_COLLECTED DATA_
_ _ _ _ _ _ _

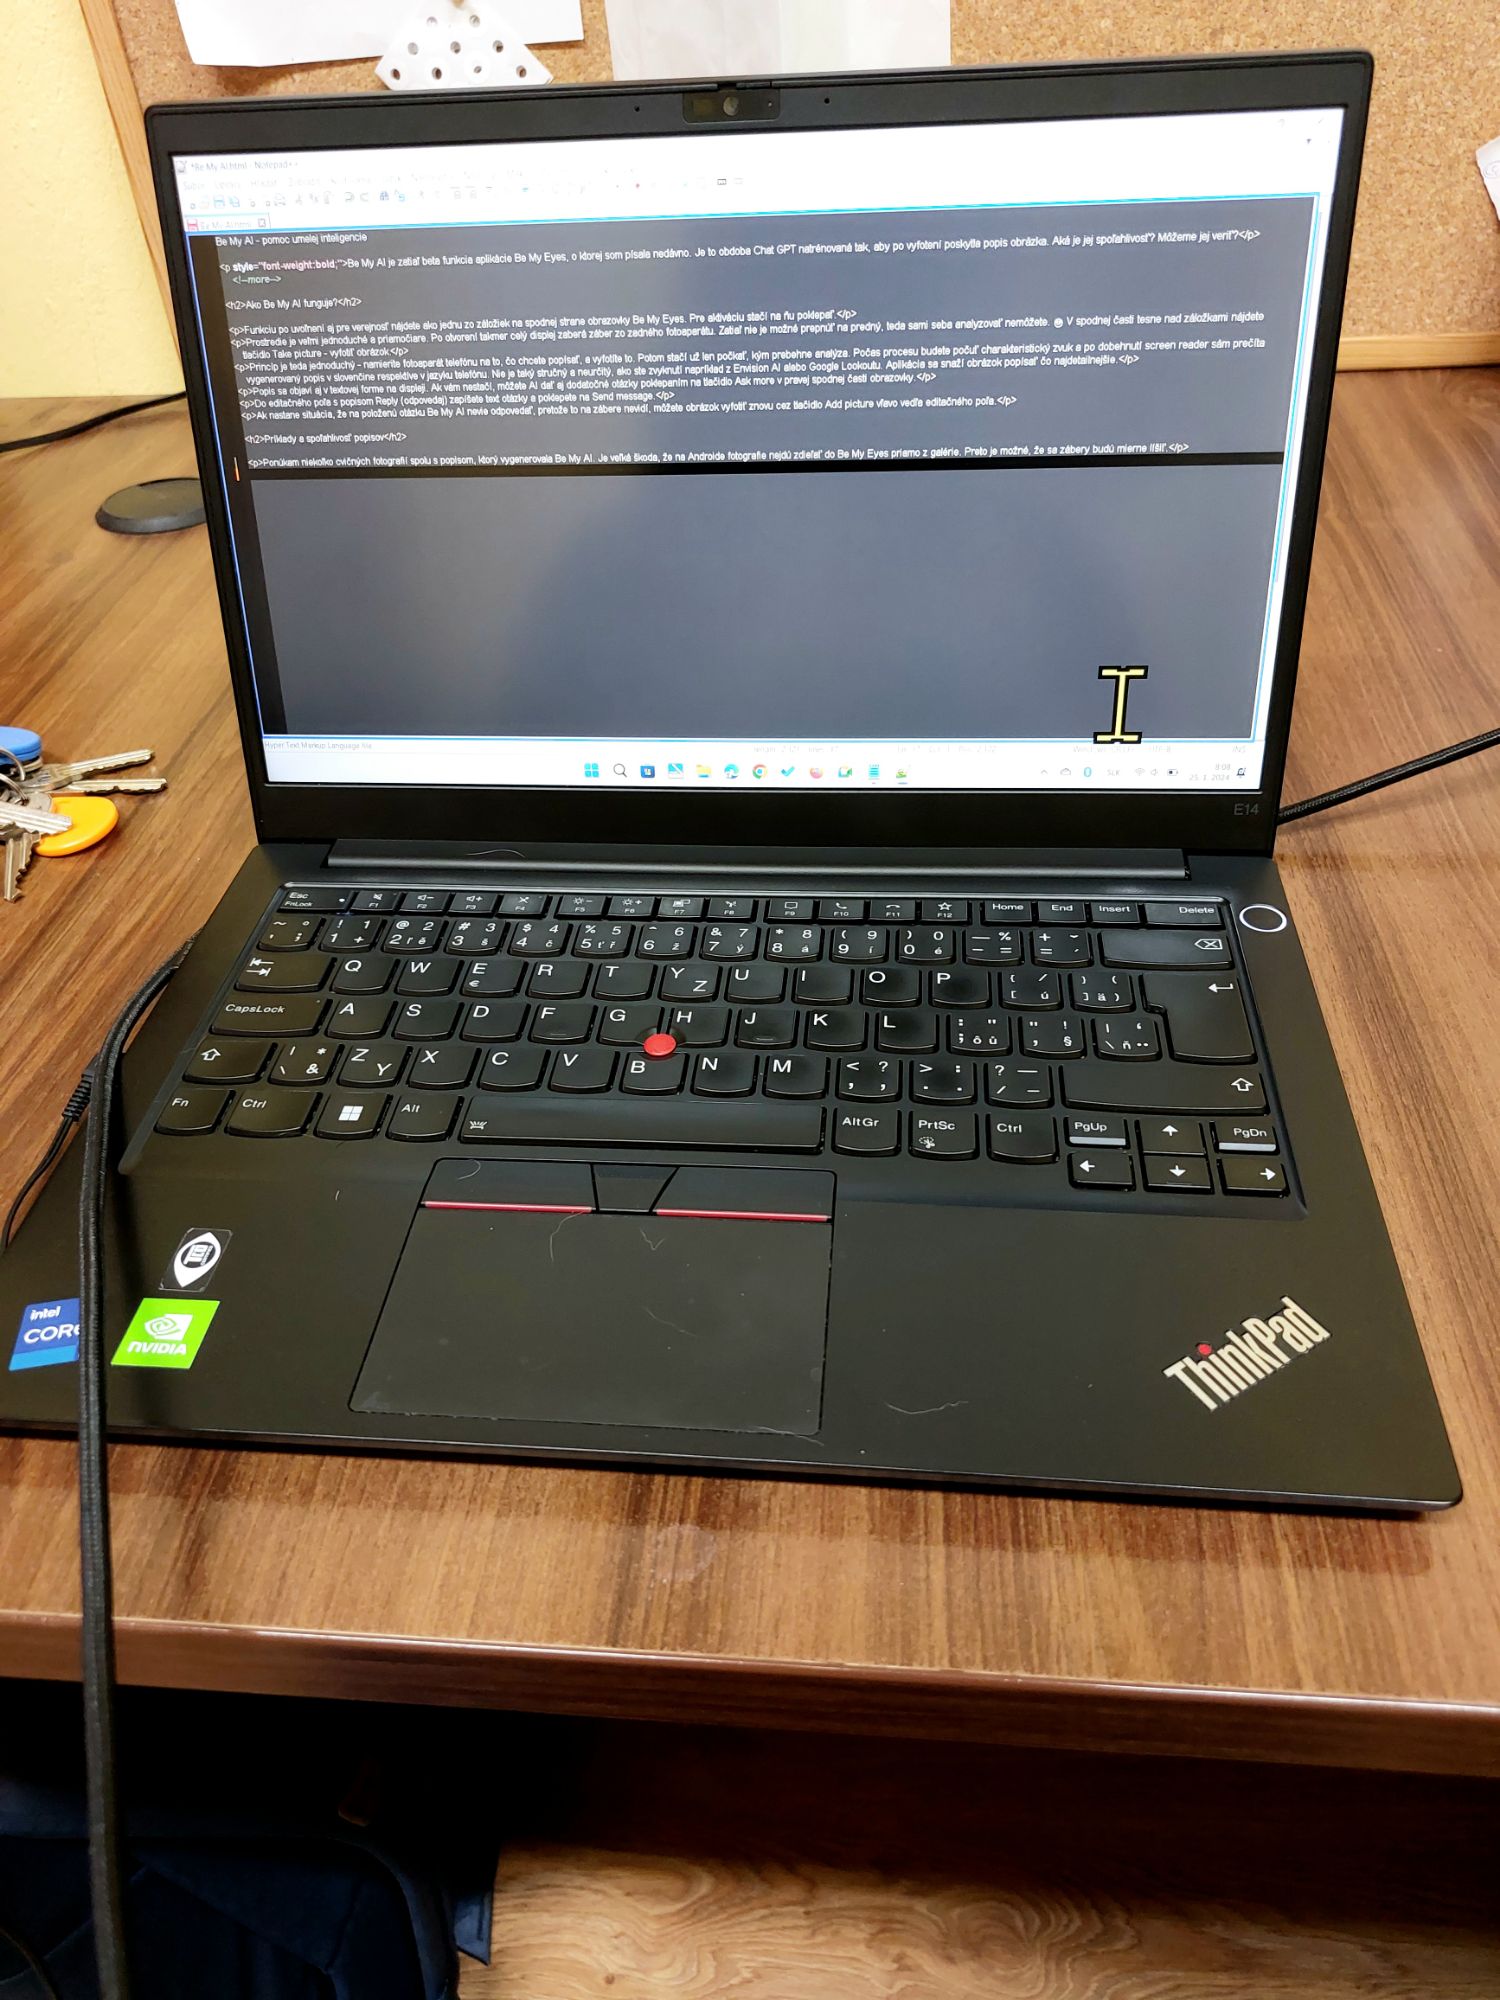 Čierny notebook položený na hnedom drevenom stole, na ktorého displeji je otvorený Notepad++ s článkom o Be My AI.
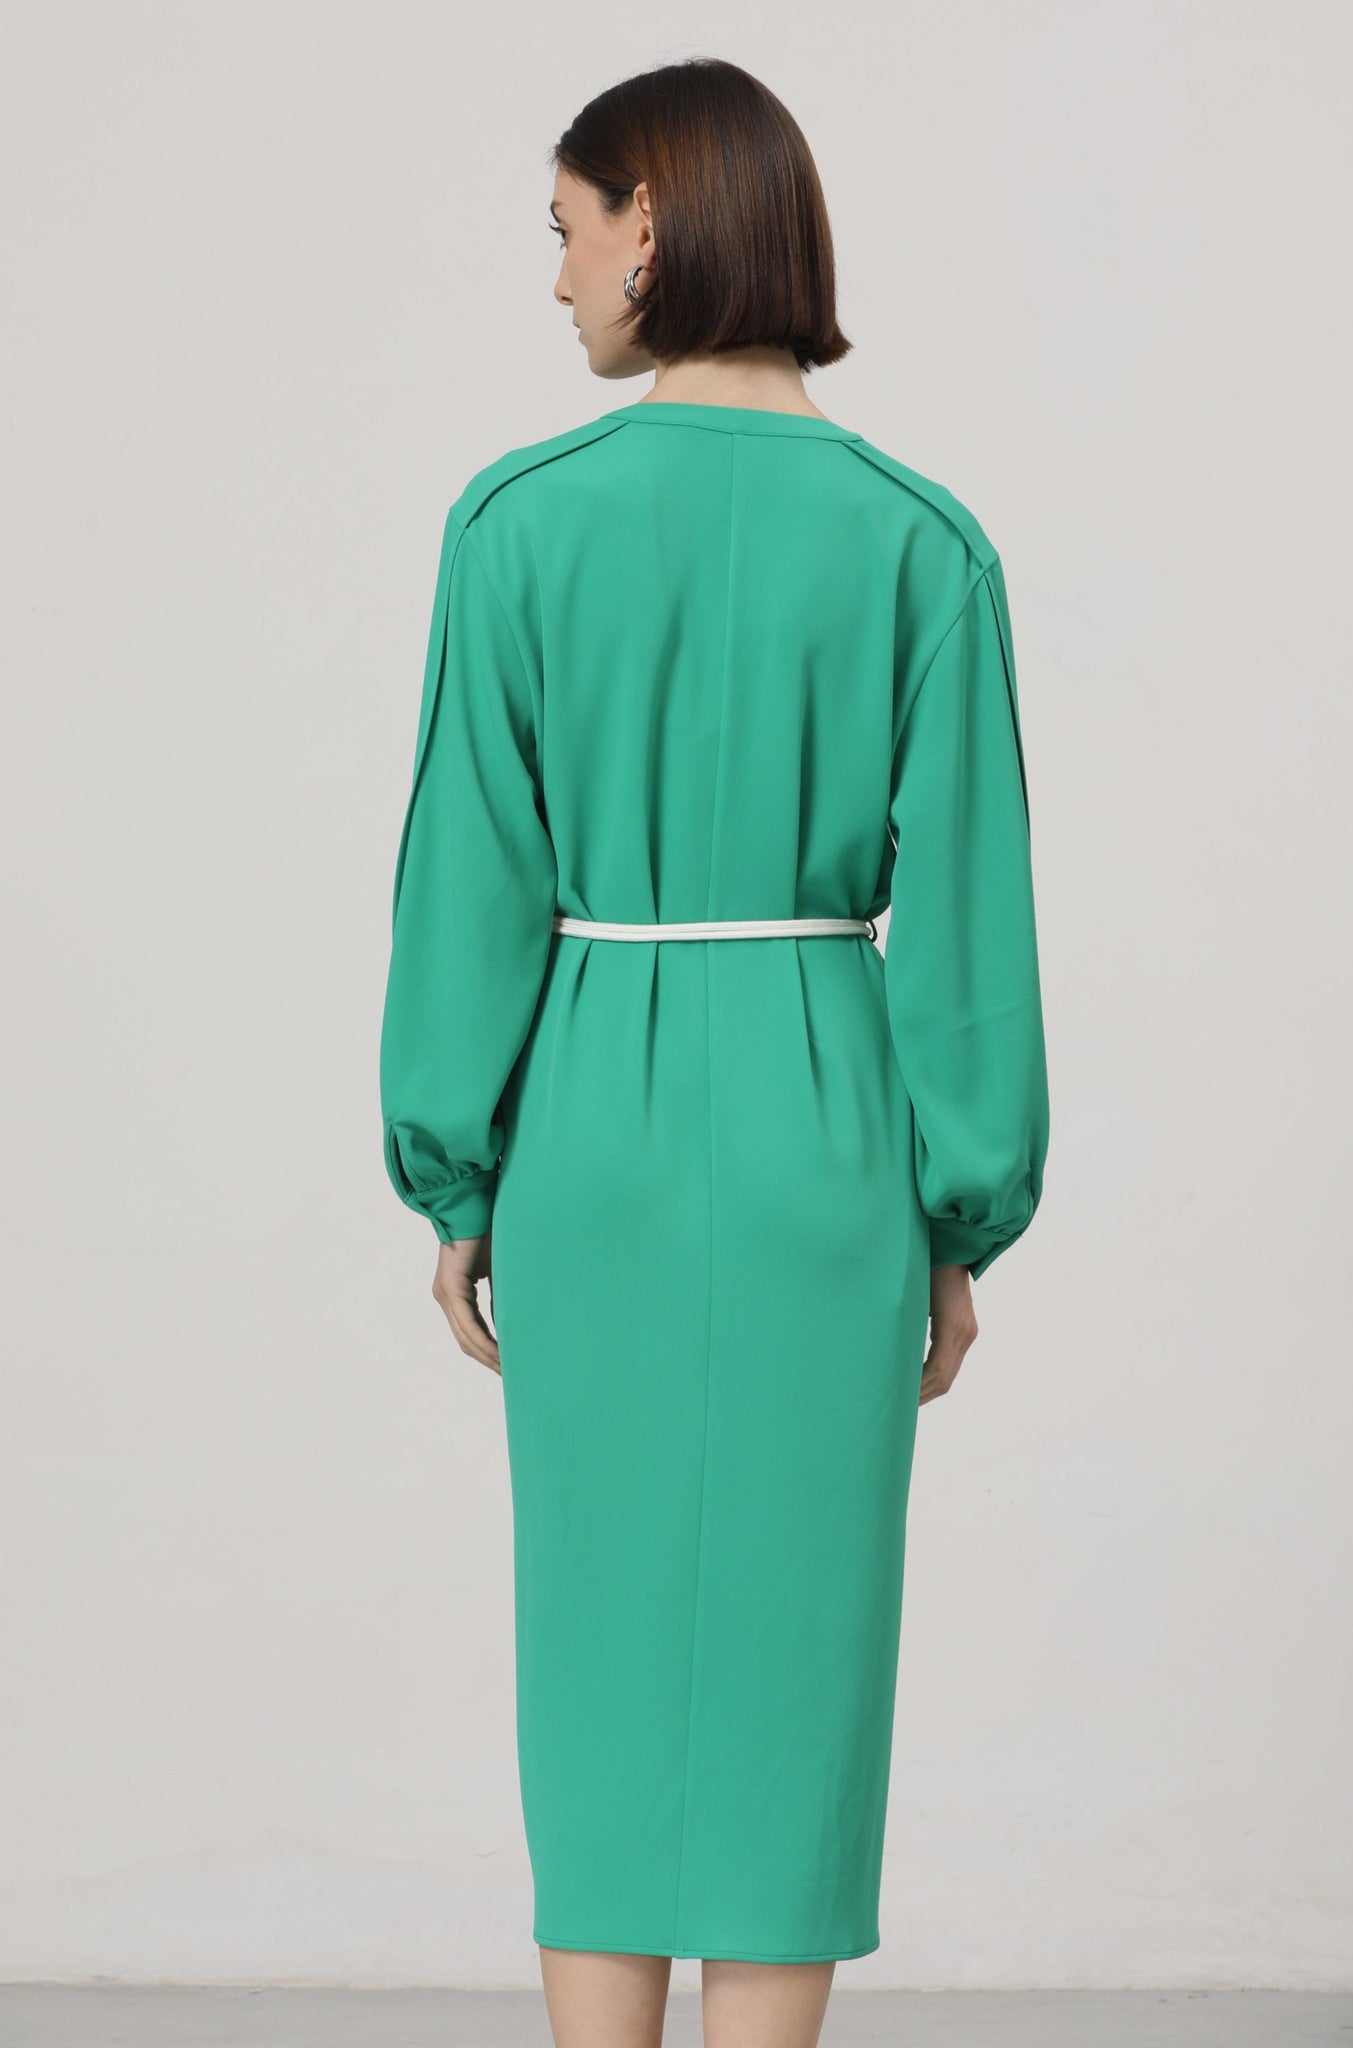 LINDONG | Lillou Green V-Neck Belted Dress
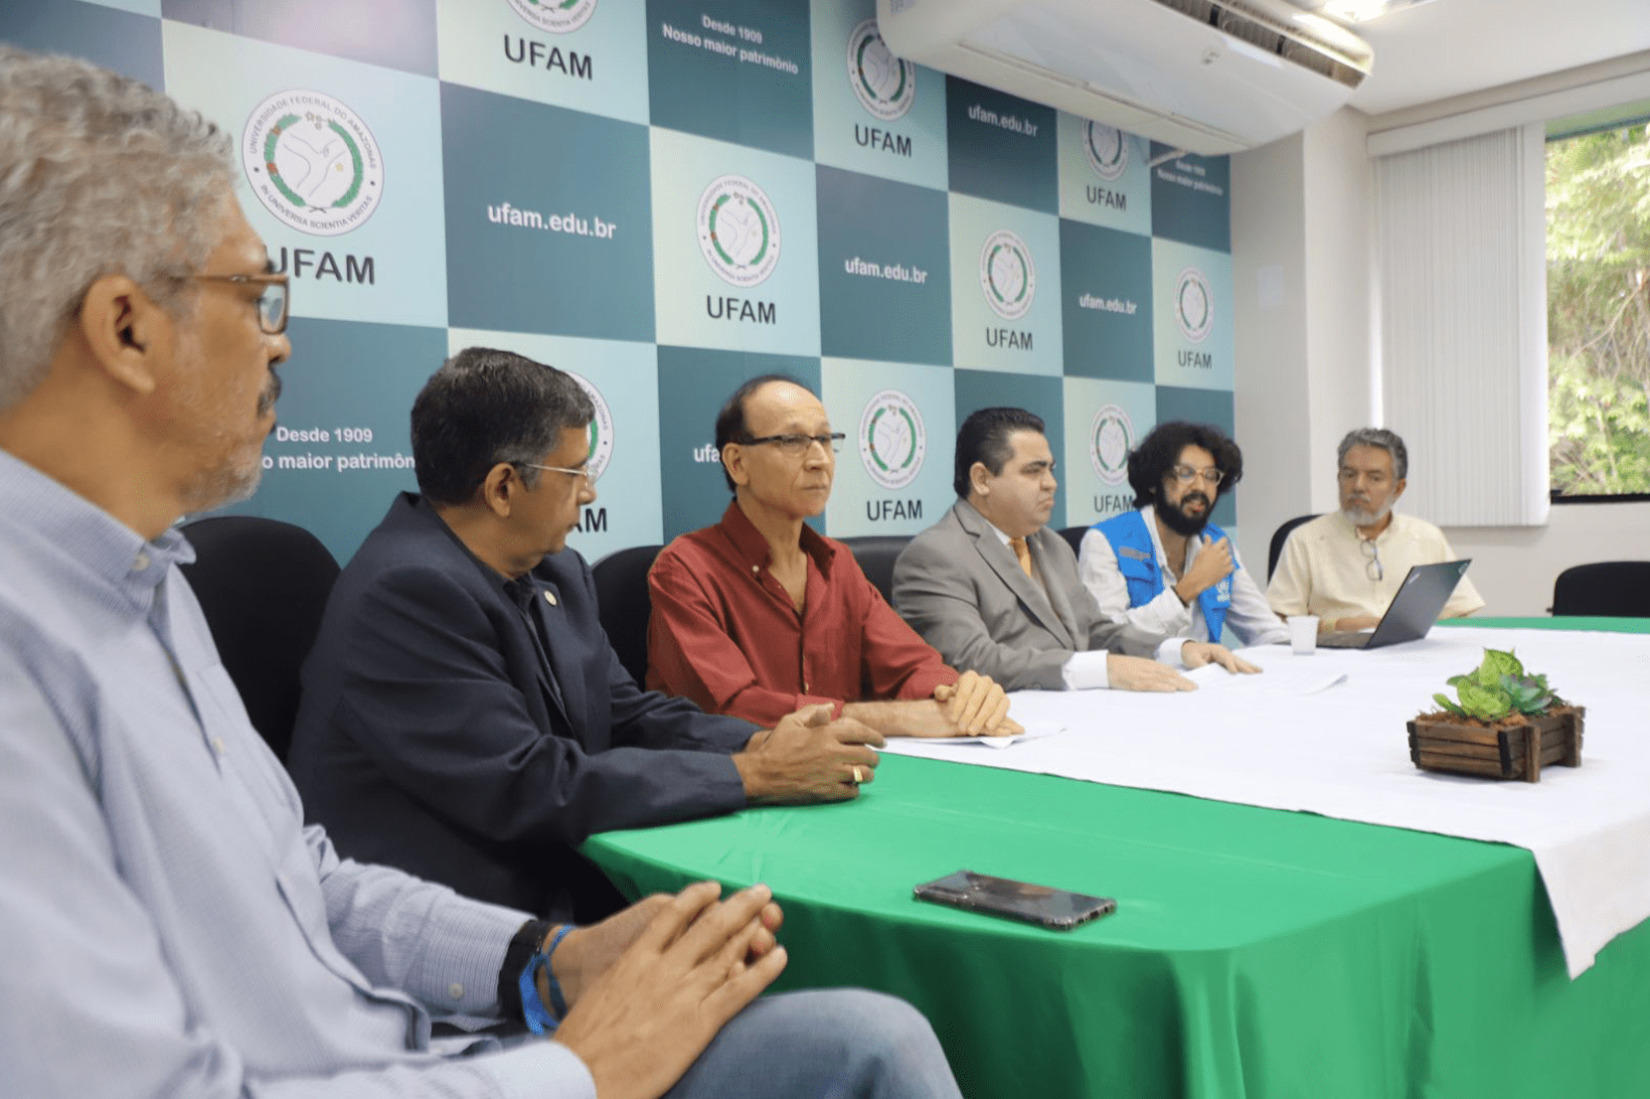 Anúncio de adesão à Cátedra Sérgio Vieira de Mello na Universidade Federal do Amazonas (UFAM).
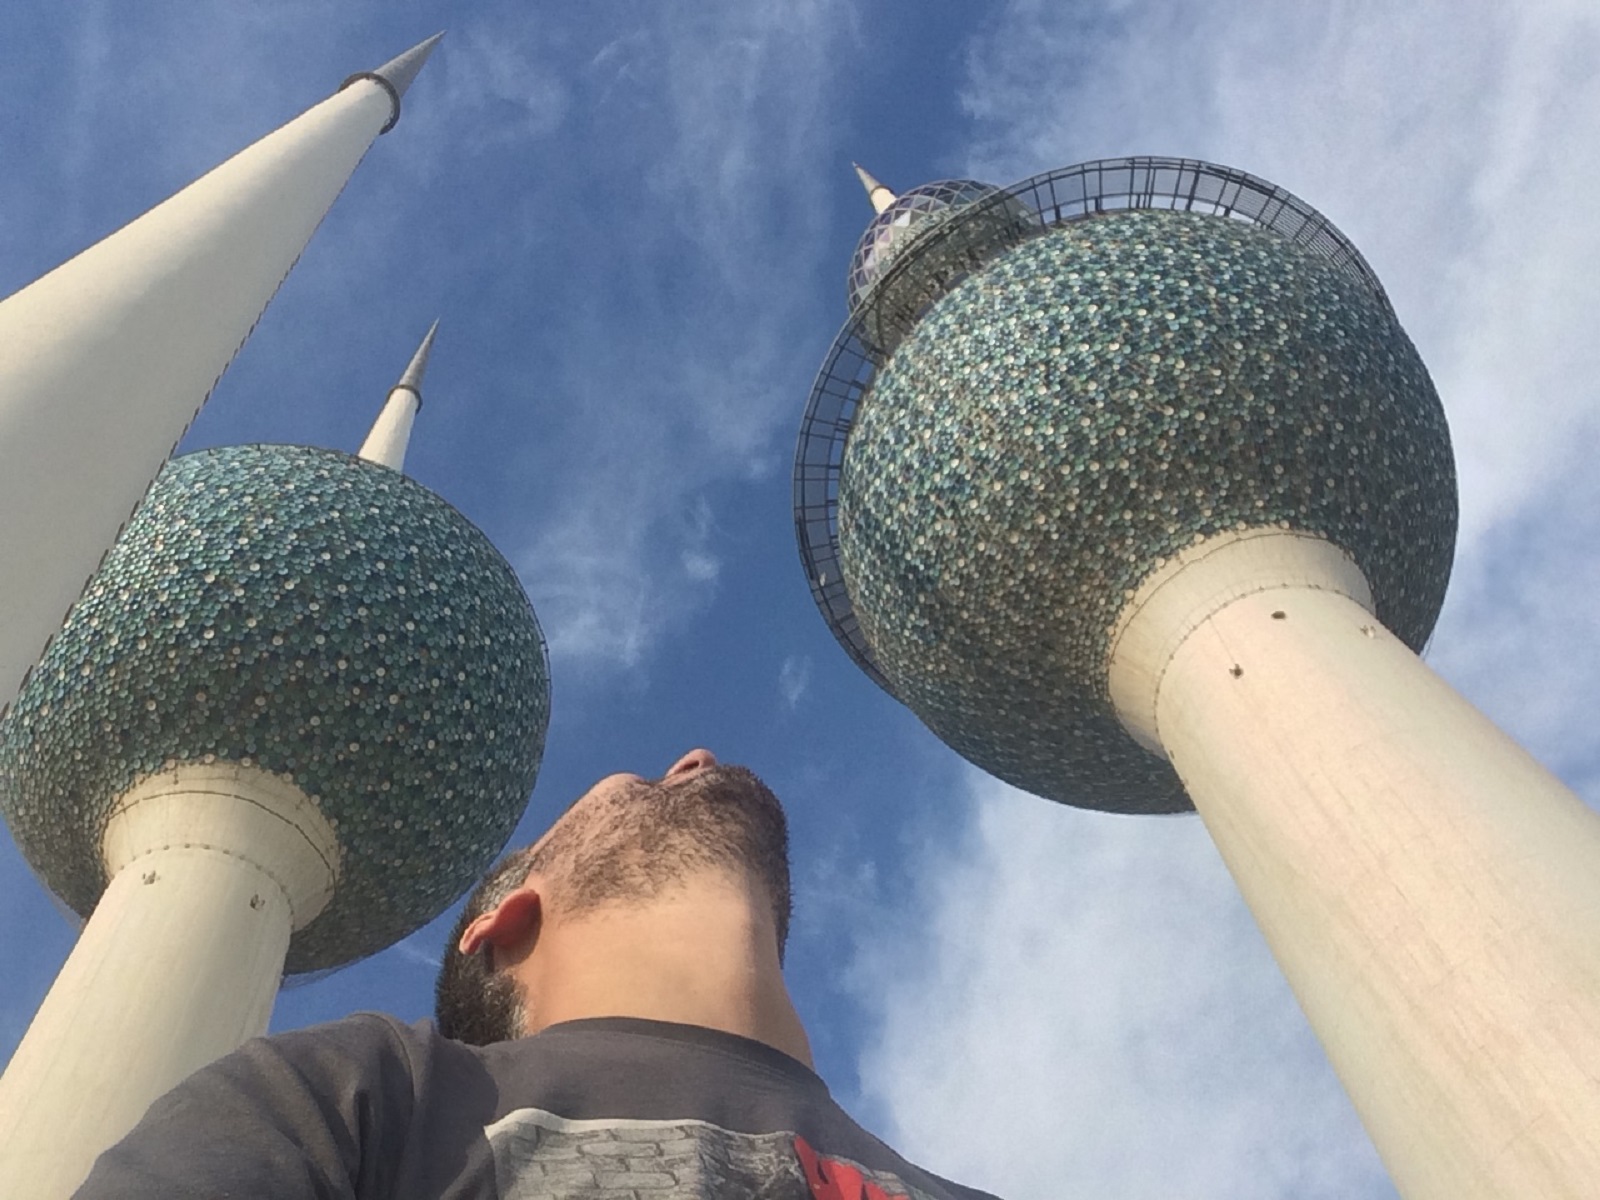 Kuvajt – cestovateľské rady, tipy a itinerár

_ _ _ _ _ _ _

Reproduce the listing above exactly, but skip the pictures.

_ANSWER_
 Čierny notebook položený na hnedom drevenom stole, na ktorého displeji je otvorený Notepad++ s článkom o Be My AI.
 LINDONG | Lillou Green V-Neck Belted Dress
 Anúncio de adesão à Cátedra Sérgio Vieira de Mello na Universidade Federal do Amazonas (UFAM).
 Kuvajt – cestovateľské rady, tipy a itinerár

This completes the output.